The region is celebrated as the home of Chianti, so well known that it
is often taken as a synonym of Italian wine. The name is very old, and already
appears in 13th century documents. Its name comes from a small area in center
of Tuscany, between the provinces of Siena and Florence.
The name Chianti appears in very reliable documents as early as 1260, but old texts refer most frequently to a Chianti of 1378 when a "Chianti League" was instituted, which comprised the present districts of Gaide, Radda and Castellina.
The production zone has been, however, slowly been extended with the passage with time to include the districts of Poggibonsi, San Casciano Val di Pesa and other Tuscan vineyards bordering it. All of which have produced for a long time a wine that has the same biochemical qualities as the original Chianti.
The wine is now produced in a zone situated in the center of Tuscany, and
extending over the provinces of Florence, Siena, Pisa, Pistoia and Arezzo.
Chianti is divided into two large classifications:
Chianti Classico, which is produced in the central, original area, the hills between Florence and Siena.
Notable among the best vineyards: Vignamaggio, Vigna Vecchio, Nozzole, Villa d'Arceno and Castello di Ceretto.
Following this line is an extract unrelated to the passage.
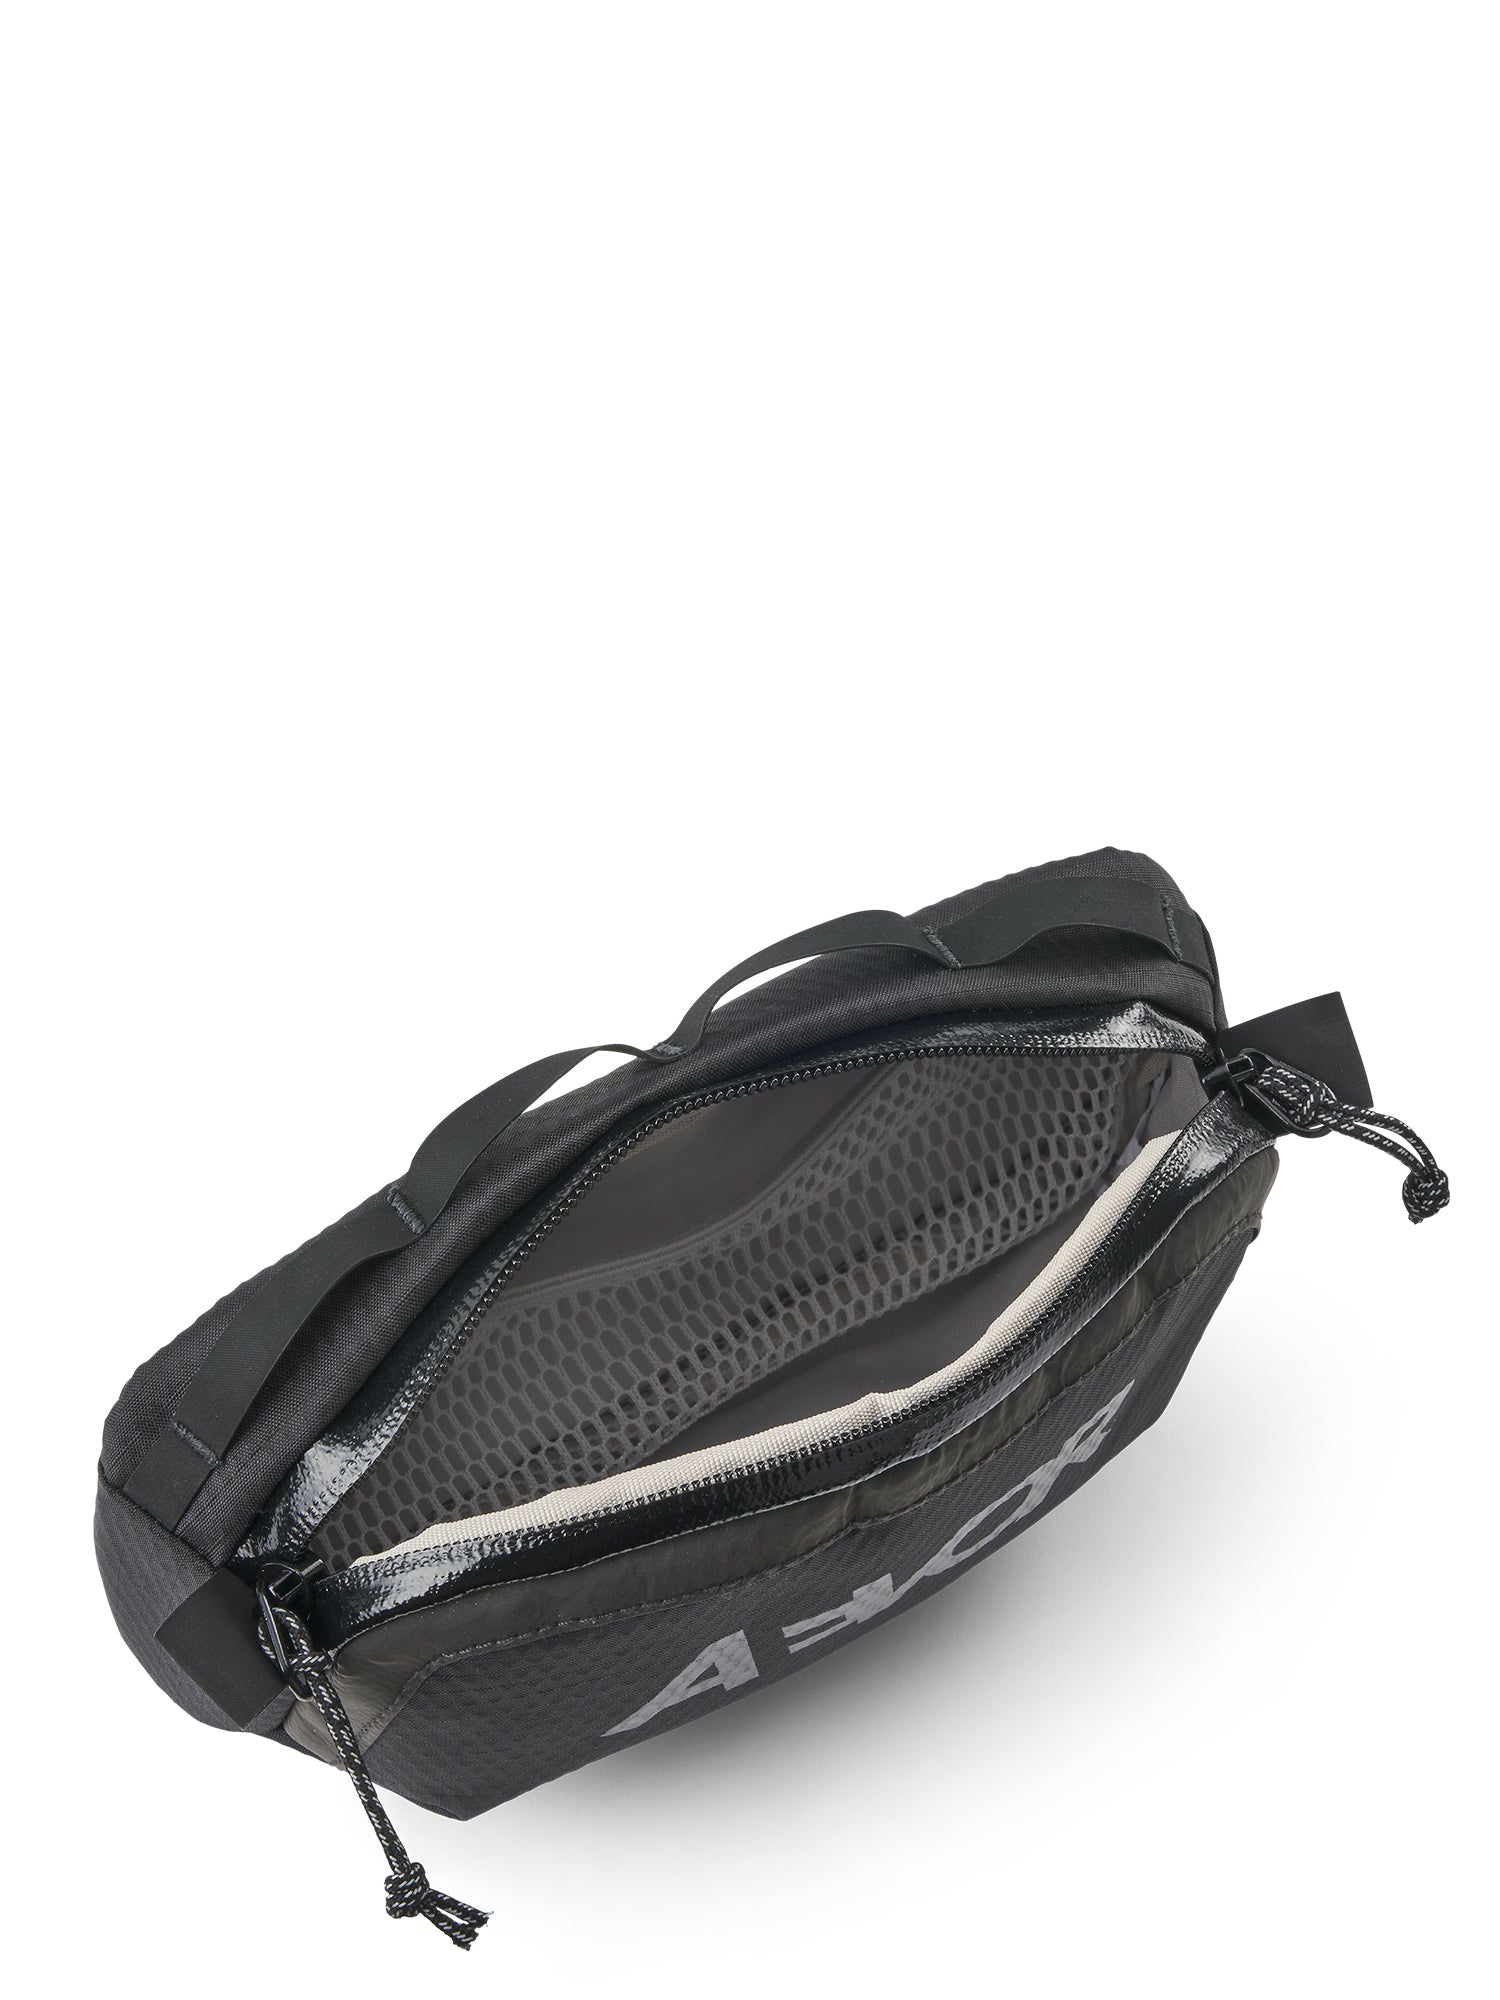 AEVOR Bar Bag Mini Lenkertasche - Proof Black

The other classification is Chianti, which is produced in a larger area, which surrounds the original area.
The wines are allowed to carry, according to their origins, the following appellations:
Chianti dei Colli Fiorentini, Chianti dei Colli Senesi, Chianti dei Colli Pisani, Chianti Rufina, Chianti dei Colli Aretini.
|The characteristics of Chianti are:
a very bright ruby-red color; a dry flavor, which becomes delicate, mild and velvety with age.
The regulations on the production of Chianti lays down that the basics wines must be 50-80 % Sangiovese, 10-30 % Canaiolo nero, 10-30 % Trebbiano Toscano and Malvasia del Chianti.
Chianti can be drunk in its first year, at the latest in late spring. Bust best is aged in casks for two or three years.
After, at least two years, it can be labeled Chianti Vecchio, and after three years of aging it is called Chianti Riserva.
Other than Chianti, Tuscany produces the following red wines:
Brunello di Montalcino: a Garnet-red wine with a perfume of violets, excellent with roast and game.
Carmignano: with a bright ruby color, turning to Garnet with age.
Vino Nobile di Montepulciano and Rosso dei Colli Lucchesi.
White wines from the region are:
Vernaccia di San Gemignano, Chianti Bianco.
Rosé from the region are:
Rosatello dei Colli Aretini, Villa di Corte Rosé and Rosé di Bolgheri.
The Elba Island produces several quality wines.
Among the reds are:
Aleatico di Portoferraio and Elba Rosso.
There are more white wines:
Elba Bianco, Procianico d'Elba and Moscato d'Elba.
Among the Rosé:
Vieux Rosé della Walewska (which honors the memory of Napoleon "Polish wife" who followed him to Elba during its exile) and Rosato di Madama.